Règlement des études
Septembre 2011
8. Règles relatives à la discipline
8.1 - Notion de délit
8.1.1 - Définition générale
8.1.2 - Relativement aux activités pédagogiques
8.1.3 - Relativement à l'Université et aux autres membres de la communauté universitaire
8.1.4 - Relativement aux activités de stages
8.2 - Sanctions disciplinaires
8.3 - Intervenantes et intervenants principaux en matière disciplinaire
8.3.1 - Comité de discipline
8.3.2 - Personnes responsables des dossiers disciplinaires
8.3.3 - Personnes responsables des mesures provisoires
8.4 - Processus disciplinaire
8.4.1 - Dépôt de la plainte
8.4.2 - Imposition d'une mesure provisoire
8.4.3 - Instance compétente
8.4.4 - Procédure
8.4.5 - Décision
8.4.6 - Révision de la décision
8.4.7 - Ordonnances de non-divulgation, de non-publication et de non-diffusion
8.1 Notion de délit
L'expression délit désigne toute infraction commise par une personne à l'encontre d'une règle qui lui est applicable en raison de son statut.
8.1.1 Définition générale
Une personne qui commet ou tente de commettre un délit peut encourir une sanction disciplinaire, si l’infraction survient alors que cette personne :
- est en processus d’admission; ou
- est admise sans avoir amorcé le processus d’inscription; ou
- est en processus d’inscription; ou
- est inscrite à quelque titre que ce soit, même si depuis le délit elle a perdu son statut d’étudiante ou d’étudiant ; ou
- n’est plus inscrite mais doit compléter une ou des activités pédagogiques de trimestres antérieurs; ou
- a interrompu ses études depuis moins de 16 mois consécutifs, sauf si elle a signifié son intention d’abandonner le programme dans lequel elle est inscrite ou toutes les activités pédagogiques auxquelles elle est inscrite; ou
- a dûment terminé son programme d’études et est en attente de recevoir son diplôme.

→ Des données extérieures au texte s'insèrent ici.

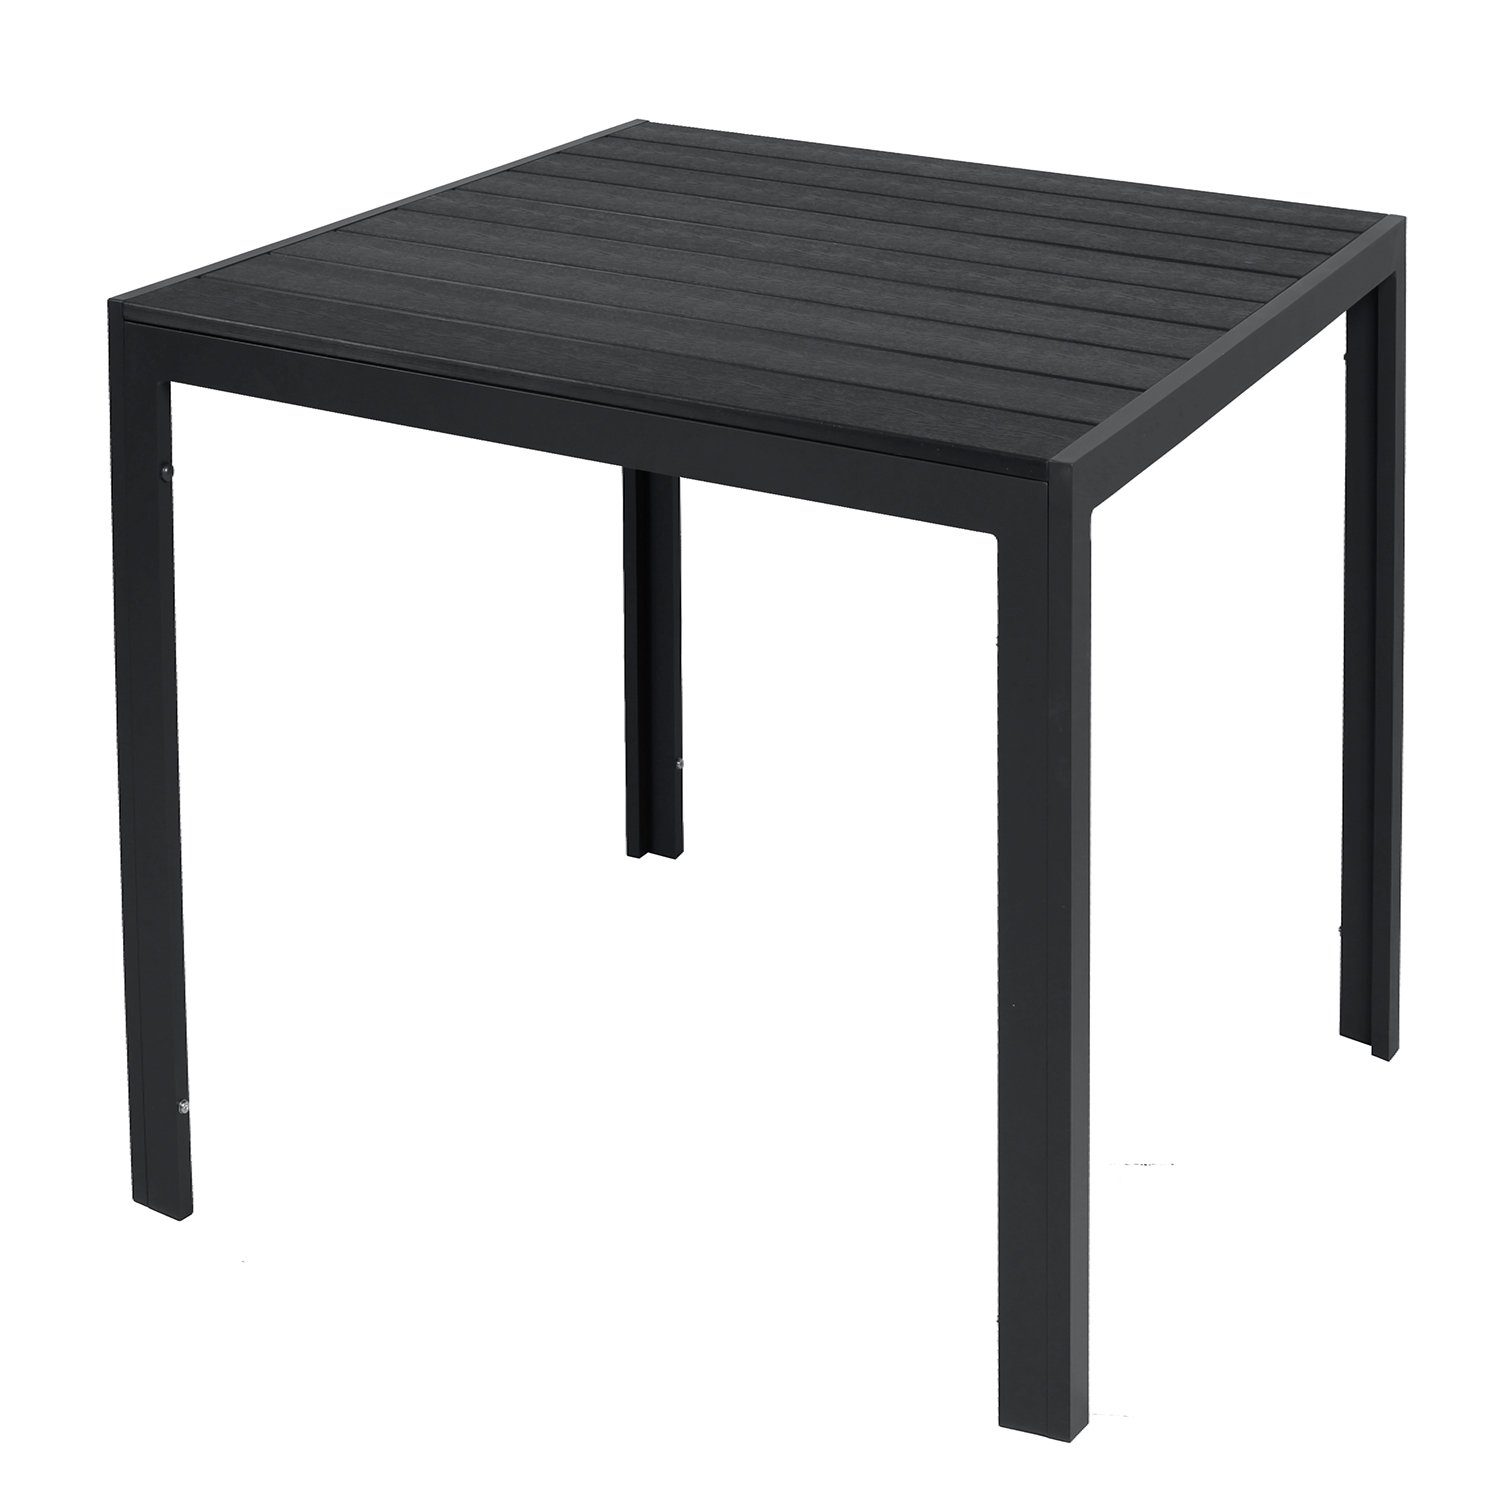 INDA-Exclusiv Küchentisch Non-Wood Gartentisch schwarz / 80x80cm anthrazit Aluminium

Une intervention disciplinaire n'empêche pas l'Université de saisir les autorités compétentes aux fins de poursuites judiciaires suivant les lois et règlements du Canada et du Québec.
La présente règle n'exclut pas l'application de mesures prévues dans tout autre règlement en vigueur à l'Université.
8.1.2 Relativement aux activités pédagogiques
L'expression délit désigne d'abord tout acte ou toute manœuvre visant à tromper quant au rendement scolaire ou quant à la réussite d'une exigence relative à une activité pédagogique.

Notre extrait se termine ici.